Лежу в госпитальной палате, а вокруг жизнь.
Пишет знакомая девица:

"- Почему они не поклонились? – возмущенно спросила я, когда на сцену вышли чтецы и сямисэн-мэны.
- Потому что их как бы нет, - объяснила Глория.
«Как бы нет» кукловодов, на каждую куклу приходится несколько фигур в мешках, и только в третьем акте с двух соколов снимают колпачки – это мастера, которые проводят самую сложную финальную сцену, но их всё равно «как бы нет», они никогда не смотрят в зал.
Поначалу немного смешно – когда одну куклу ведут три человека, это смахивает на групповое изнасилование.
Поначалу очень смешно – когда на экране под сценой зелёными буквами загораются высокопарные фразы про «умереть вместе» и «прическа растрепалась, пояс развязался. печальная картина.». И много ещё забавного для европейца, но где-то во втором акте я перестала видеть и кукловодов, и зелёные буквы.

Кукольная женщина сидит на веранде, прикрыв подолом кукольного мужчину, который прячется под настилом. «Мы умрем?» - говорит она, глядя в пространство, и он берёт её маленькую белую ступню и проводит по своему горлу. (Потом я, конечно, узнаю, что кукольным женщинам в японском театре ног не полагается, и только специально для этого спектакля кукле О-Хацу выдали одну)
Наступает ночь, фонарь гаснет, куклы собираются бежать, но боятся открыть скрипучую дверь.
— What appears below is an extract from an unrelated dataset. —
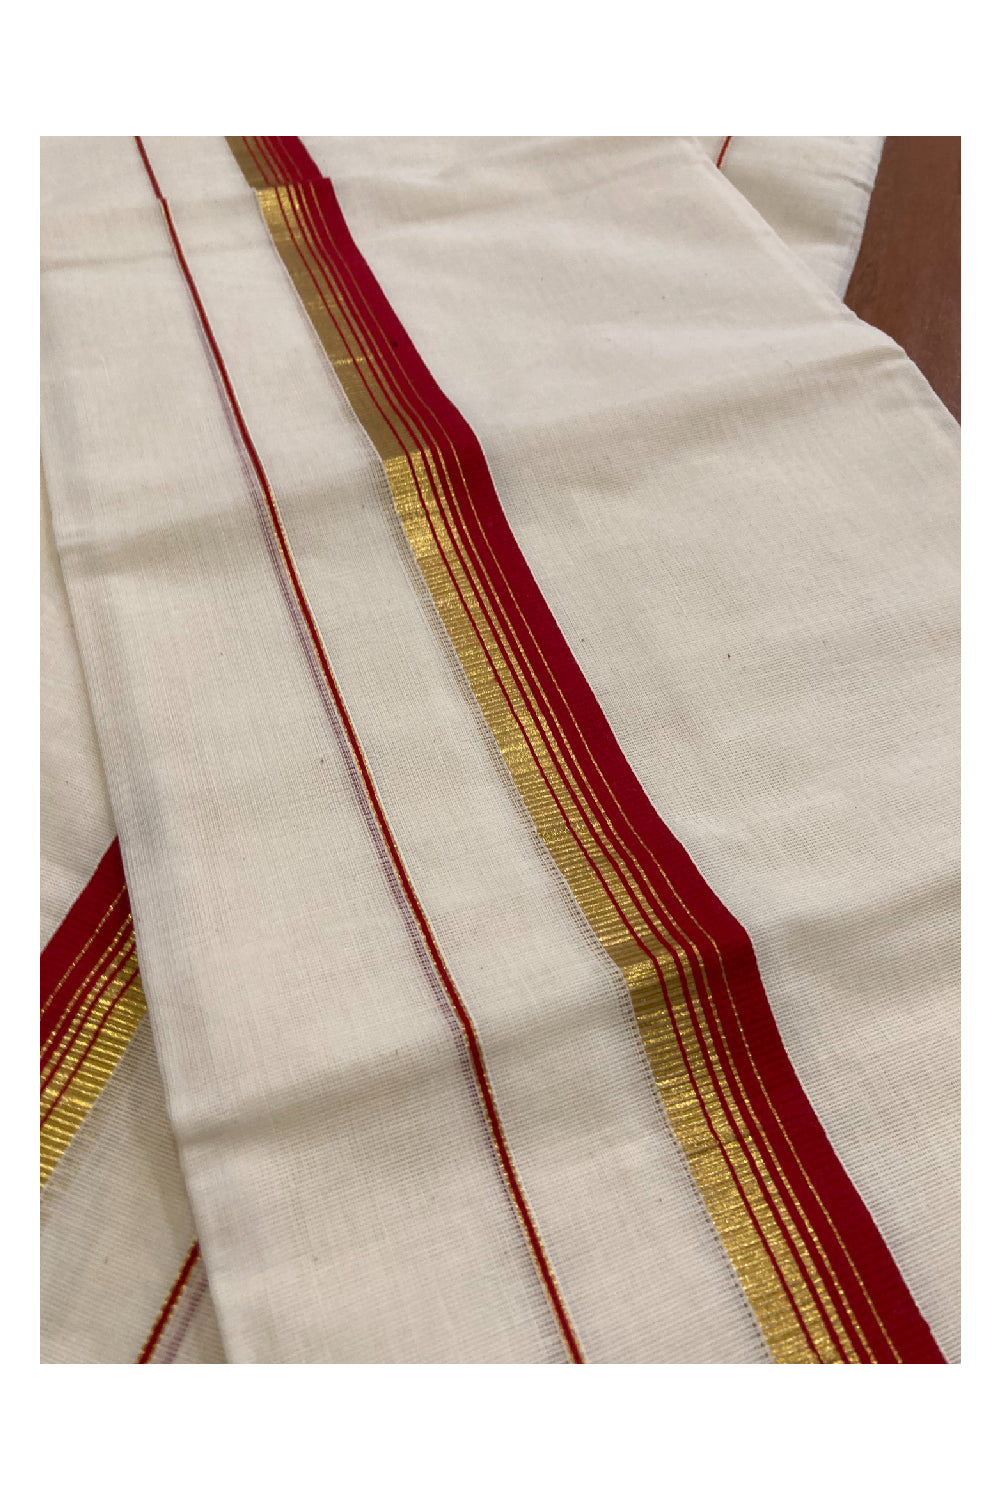 Kerala Cotton Mundum Neriyathum Double (Set Mundu) with Red and Kasavu Border

Служанка высекает огонь, и в такт со звуками огнива они всё-таки открывают эту дверь и бегут, и падают в темноте, запутываясь в одеждах, и где-то среди нелепых движений ненадолго перестают быть куклами.

Потом они стоят, а мимо плывут мосты и рощи. «Что это за два всполоха там, в небе?», спрашивает она, и я заботливо смотрю в бинокль: «да это две тряпочки на палках!», но он опережает меня, отвечая: «это две наши души улетают». Они говорят друг другу вещи, которые невозможно процитировать, потому что произносить такое разрешено только куклам.

И, пожалуй, старикам. Я однажды слышала, как один очень пожилой и уже немного нездешний писатель сказал кому-то «деточка, я вдруг понял… я вдруг понял, в чём наша беда: мы никогда не были на небесах, и все наши песни – земные». Я подумала, что скажи такое человек лет на сорок моложе, была бы чудовищная пошлость, а в его устах это правда, которую невозможно повторить, но можно прожить.
И с этими куклами можно прожить их последнюю ночь, и храмовый колокол, и последнее движение, которым мужчина проводит по своему горлу мечом - точно так же, как недавно - маленькой белой ступнёй О-Хацу."